I hope you don't teach any sort of science class, because this is not how plastics work. Heat is its enemy, but for different reasons. Polymer is another word for plastic, so if the polymers came out we would be left with air


----------



## Fantomasz (Aug 15, 2001)

*Re: Eos has a Plastic Trunk Lid (Furiator)*

at least will not rust http://****************.com/smile/emthup.gif


----------



## Nurendra (Feb 6, 2001)

*Re: Eos has a Plastic Trunk Lid (ryansux)*


_Quote, originally posted by *ryansux* »_Is it possible that it is metal framed and plastic covered?
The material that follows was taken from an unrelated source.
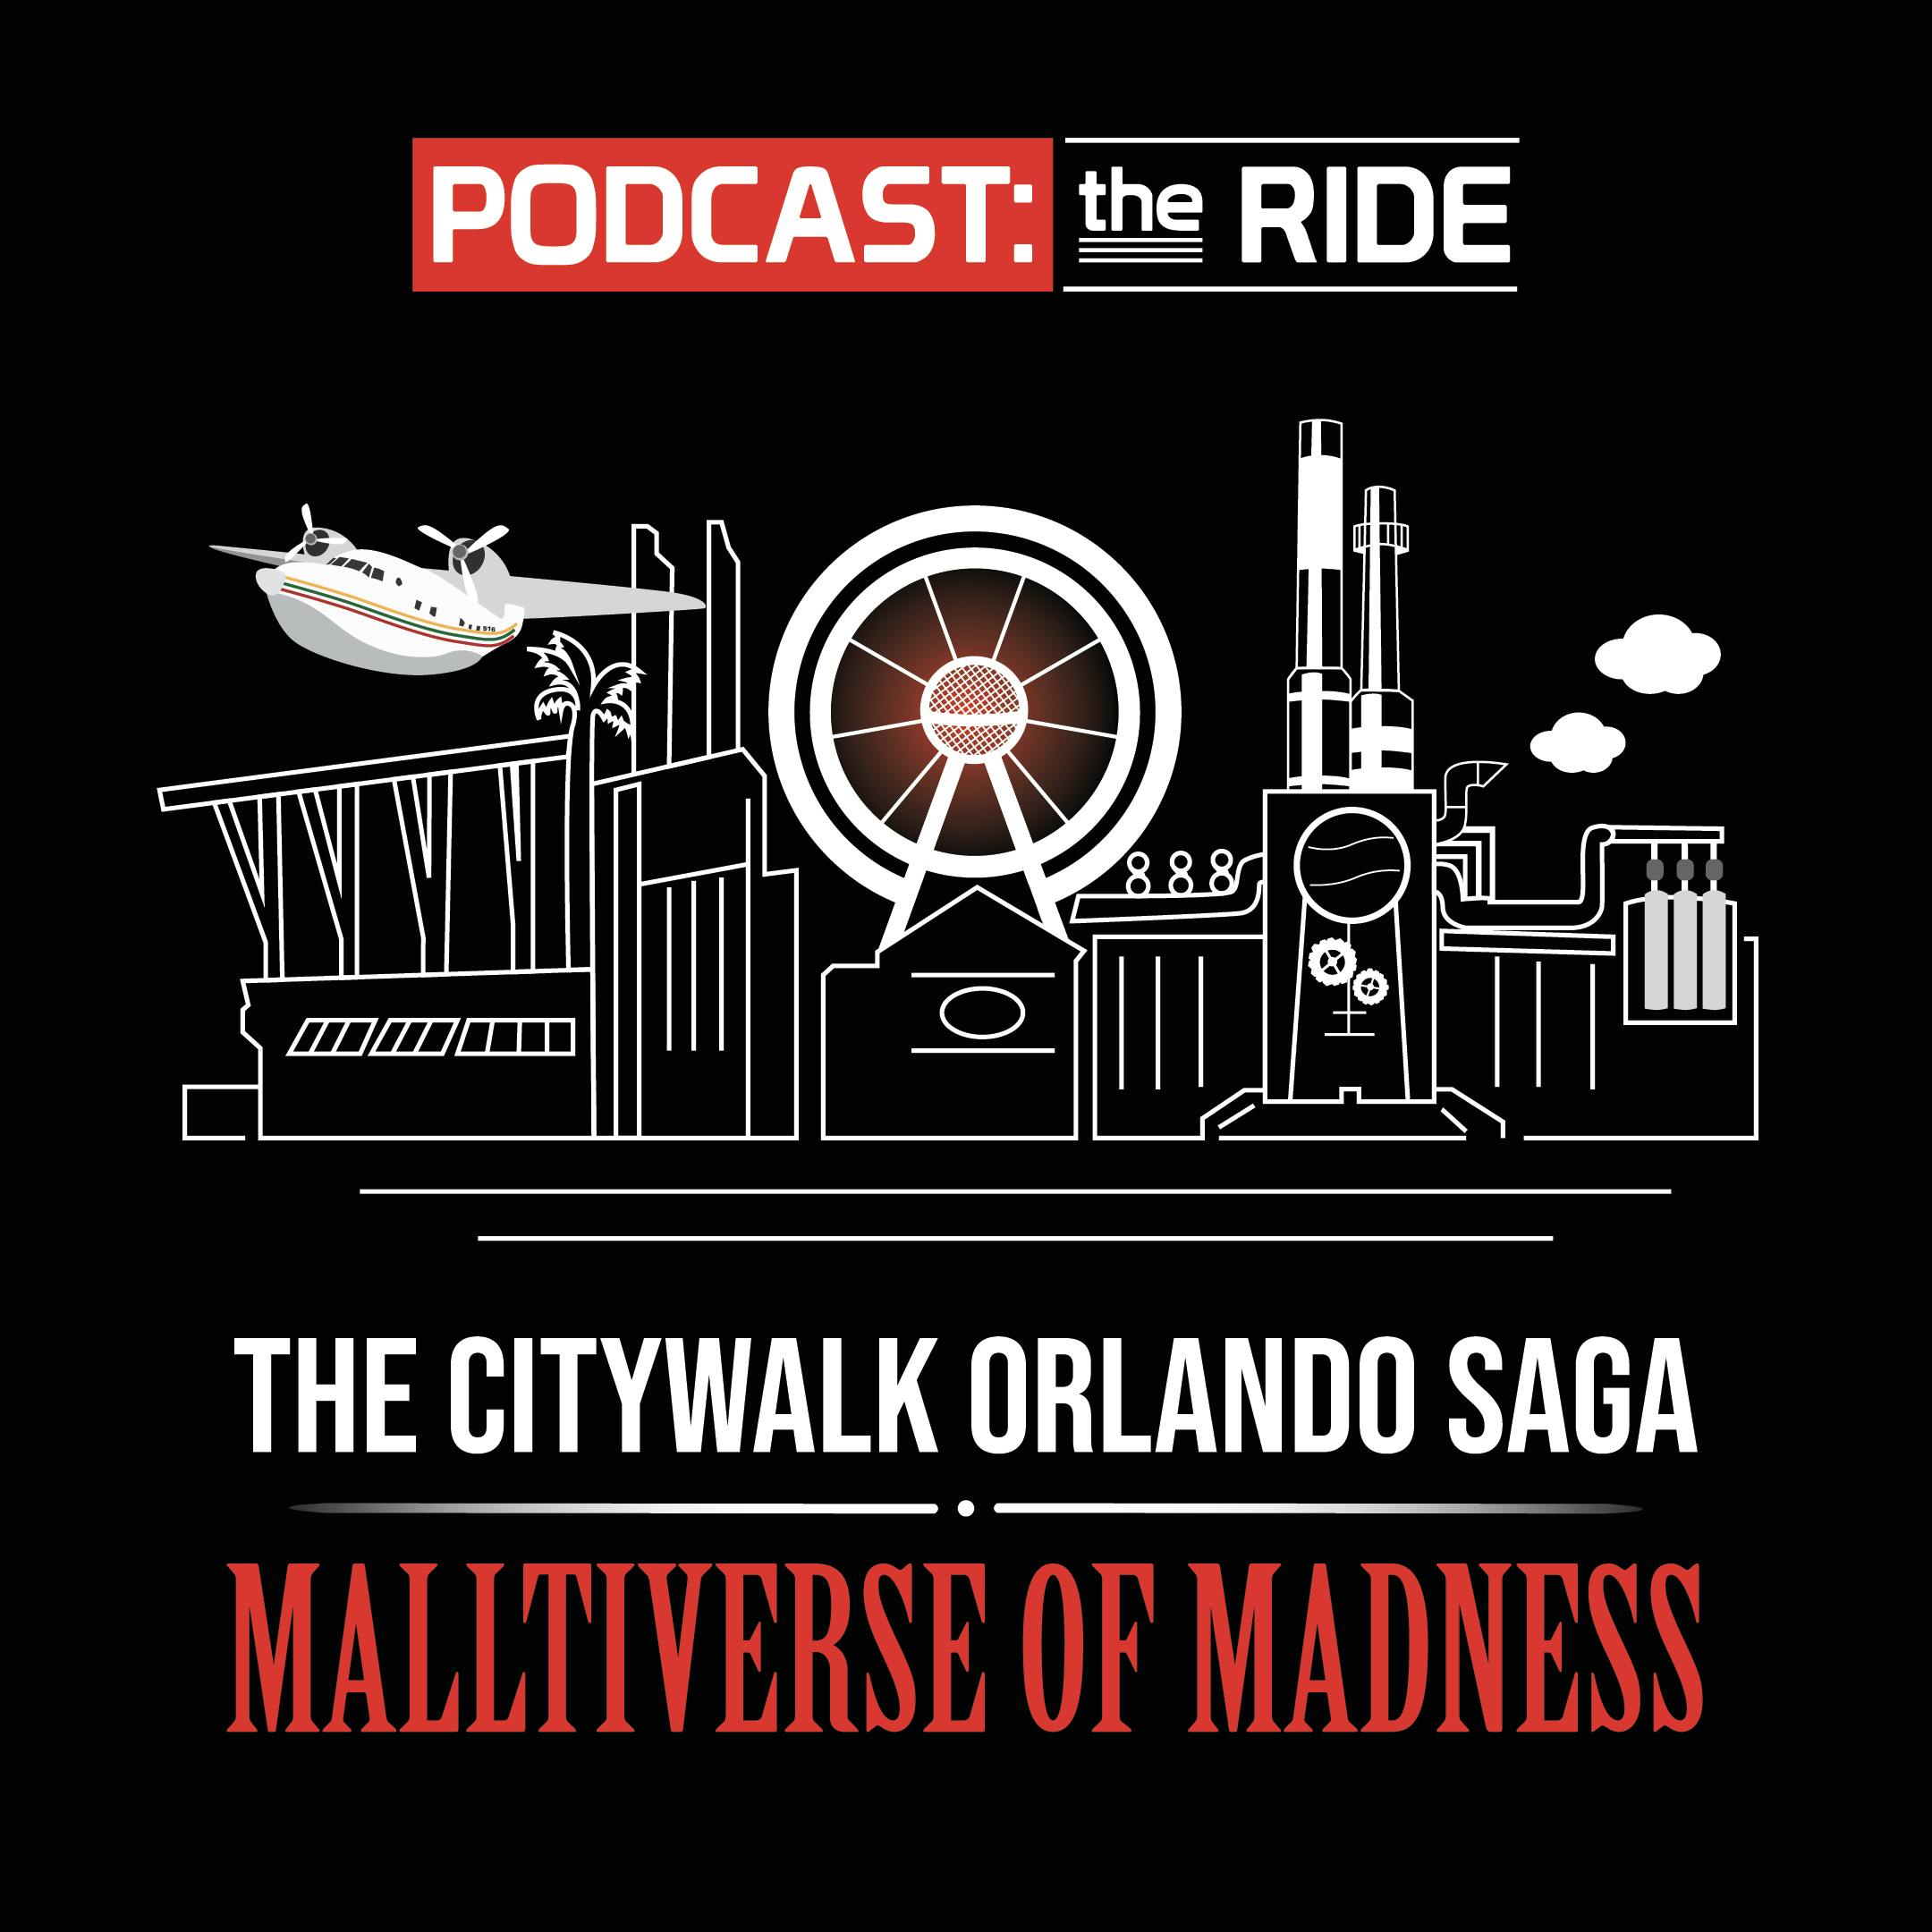 The CityWalk Orlando Saga: Malltiverse of Madness 6 - 2 with Carlye Wisel

Audi has a plastic trunklid on the A4 cab and one reason for this is so the radio antenna can be located under the trunk lid as well as being lighter so it's easier to move. 
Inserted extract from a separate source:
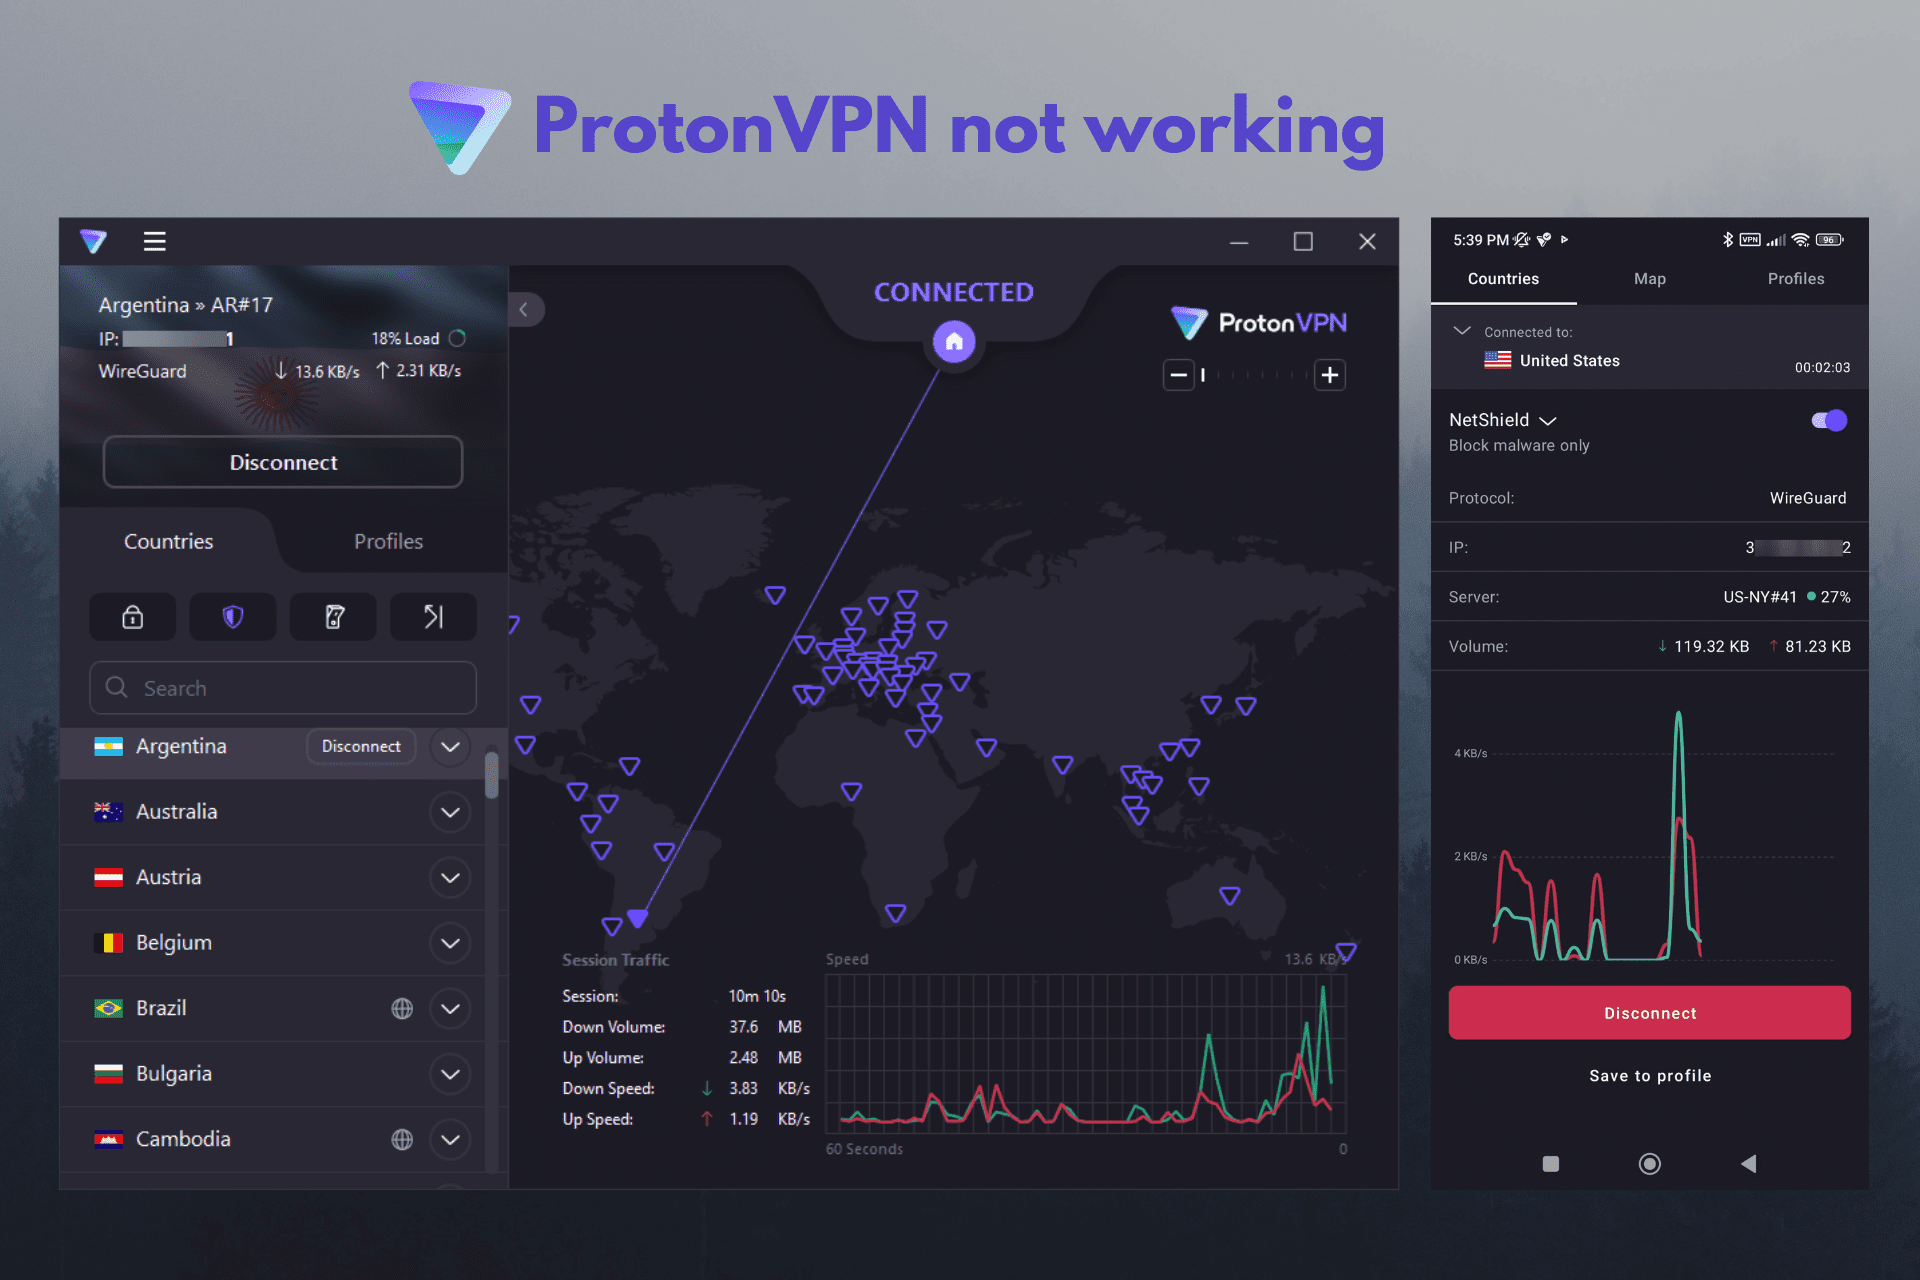 Fix ProtonVPN not working

Something like that, all the antennas are concealed under the trunk lid.


----------



## WolfsburgerMitFries (Jul 4, 2005)

*Re: Eos has a Plastic Trunk Lid (Nurendra)*

Yeah, I think I see why plastic was chosen now....at least there's no visible antennas to ugly up the car, and these new "fin" looking antennas like BMW is using are not attractive.
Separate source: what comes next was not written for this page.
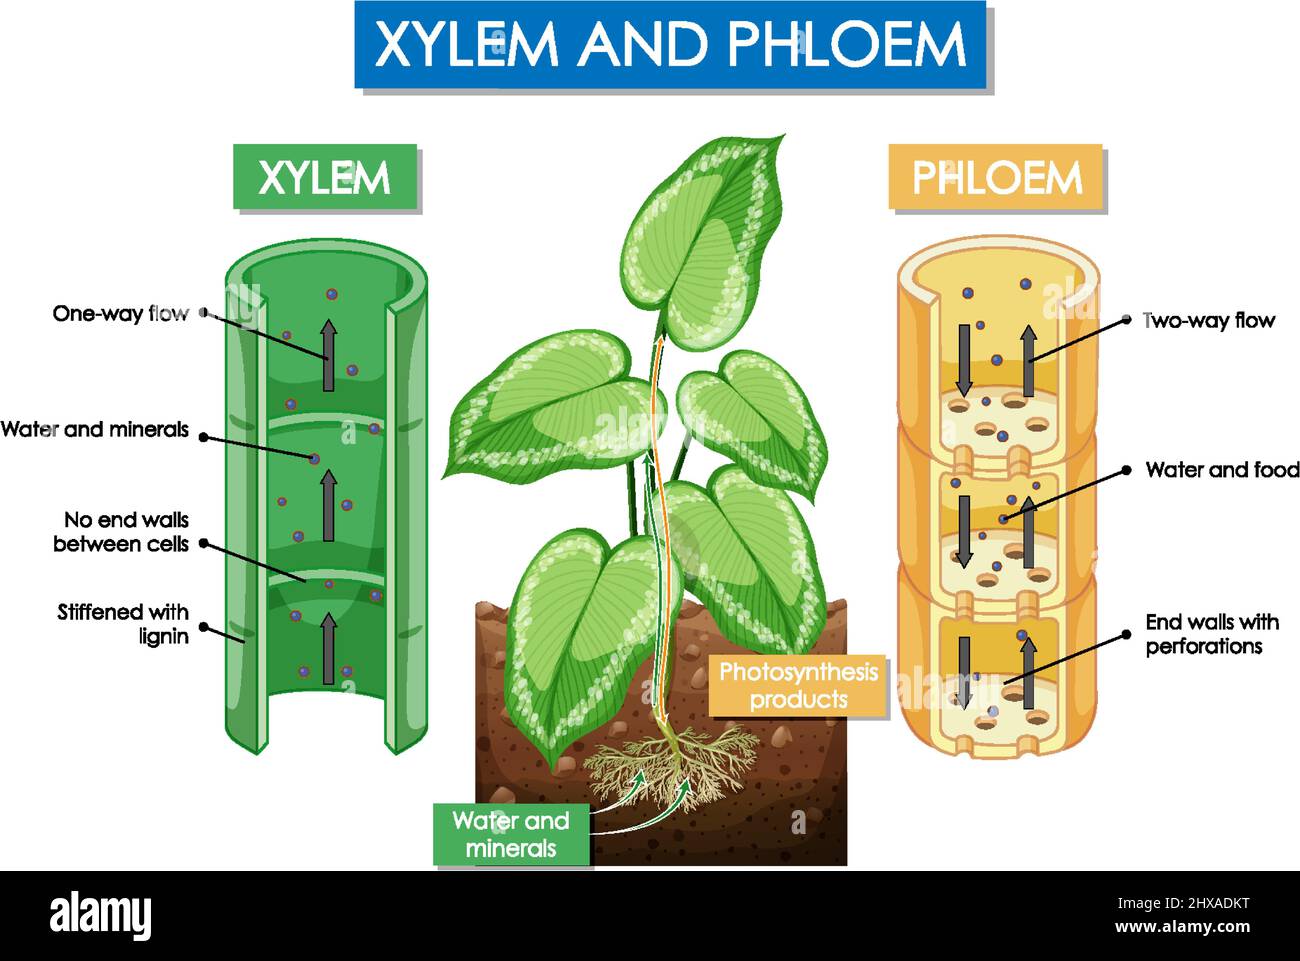 xylem and phylum

_Modified by WolfsburgerMitFries at 8:24 PM 6-25-2006_


----------



## BigFoot-74205 (Jan 26, 2006)

^ That's a cool picture, thanks for posting it.


----------



## SoftballBud31 (Apr 26, 2006)

*Re: (BigFoot-74205)*

I think this has all been cleared up know. We have an Eos here today for Sales training, and the trunk was covered. Yes, the outer painted piece is in fact plastic. The early versions seen at some auto shows did have a metal lid. The problem is with the antenna located in the deck lid, the outer metal panel created problems with reception. That is why they decided to go plastic. 
BTW, the car looks awesome, esp with the top down!!


----------



## WolfsburgerMitFries (Jul 4, 2005)

*Re: (SoftballBud31)*

Was the individual program broght up by anyone as part of your sales training?


----------



## JML (Jun 19, 2000)

*Re: (WolfsburgerMitFries)*

While we're at it, does the production model Eos come with the Golf-style cruise control switches (integrated into the indicator/high beam handle) or the Passat-style (separate cruise control handle)?


----------



## chrisco2001 (Mar 18, 2006)

*Re: Eos has a Plastic Trunk Lid (WolfsburgerMitFries)*

The trunk lid is made of a composite instead of steal because that is where the radio/sat antenna is located. Steal would mask the waves, hence the composite trunk.


----------



## aflaedge (Jun 27, 2006)

*Re: Eos has a Plastic Trunk Lid (chrisco2001)*

Here's a link that gives a little bit of background on the plastic trunk
http://www.netcomposites.com/news.asp?3625


----------



## WolfsburgerMitFries (Jul 4, 2005)

*Re: (JML)*

JML I don't know if this helps or not but I did find this picture of a US spec dashboard and I think Its got a seperate/dedicated cruise stalk. Sadly, the owner of the photo does not make a high resolution shot available.
http://www.flickr.com/photos/giorgios/92471545/


----------



## 20VConvBug (Jan 16, 2004)

*Re: (WolfsburgerMitFries)*

The Porsche Type 997 911 Turbo has plastic fenders, too. I'll have to look it up, but it's either the same weight or 200 pounds lighter than the outgoing 996 Turbo.


----------



## northvw (Jul 14, 2006)

*Who is on First?*

Plastic trunk lids are nothing new. My Honda 600 car - the predecessor to the Civic (1972) had a plastic trunk lid. I know because







some high school kids tipped it over on its roof while I was parked near their school and the only damage was a crack to my trunk lid which was easilly repaired or replaced.


----------